Stanford physicist Amir Safavi-Naeini named 2022 Moore Inventor Fellow

Stanford applied physicist Amir Safavi-Naeini has been awarded a 2022 Moore Inventor Fellowship for his promising invention proposal—a chip that uses nanoscale mechanical oscillators to detect proteins with unprecedented sensitivity and speed.

The fellowship supports scientist-inventors who design new tools and technologies with a high potential to accelerate progress in the areas of scientific discovery, environmental conservation, and patient care.

This year, the foundation received nearly 200 nominations, from which five fellows were selected. Each fellow will receive a total of $825,000 over three years, including $50,000 per year from their home institution.

“The Moore Inventor Fellowship recognizes the power of innovation to solve problems and reimagine our world,” said Harvey V. Fineberg, president of the Gordon and Betty Moore Foundation, in the award announcement. “We are pleased to recognize the spectrum of disciplines, ideas, and approaches embodied in this group of fellows.”

“Support from the Moore Inventor Fellowship will allow my team to develop and demonstrate how chips that contain large arrays of detectors can quickly sense the mass of proteins,” said Safavi-Naeini, an associate professor of applied physics at Stanford’s School of Humanities and Sciences.

Oliver Hitchcock, Wentao Jiang, Matthew Makysmowych, and Felix Mayor—all graduate students in the Safavi-Naeini lab—have been developing nanoscale mechanical resonators for this purpose. Safavi-Naeini’s award-winning chip design will improve upon and increase the performance and scale of chips already made in his lab. Once made, the chip will need a whole system to function and work with other chips. They will collaborate with Michael Roukes and his group at Caltech to integrate this chip into a mass spectrometry system.

Scaling up this invention such that a single chip contains a large number of mechanical oscillators is a critical component of its success, Safavi-Naeini explained.

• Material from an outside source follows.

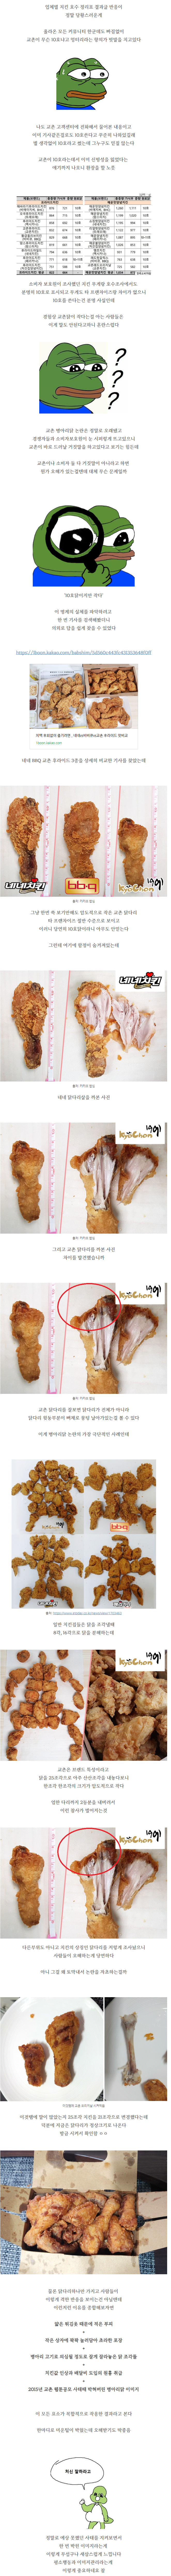 치킨 프랜차이즈별 닭호수 + 교촌논란 정리

“We want to create a technology that's capable of identifying a significant fraction of the proteins in a cell in a reasonable amount of time—and there are roughly a few billion proteins just in a single cell,” Safavi-Naeini said. “What we’re really pushing for are arrays of 10,000 to maybe 100,000 devices on a chip that are sensitive enough to distinguish different proteins by their masses.”

Achieving this goal will require a multipronged approach and a lot of resources and support. “If we're successful,” Safavi-Naeini said, “this will someday be a useful tool for understanding biology and detecting disease. It could also open new opportunities in the emerging field of quantum sensing.”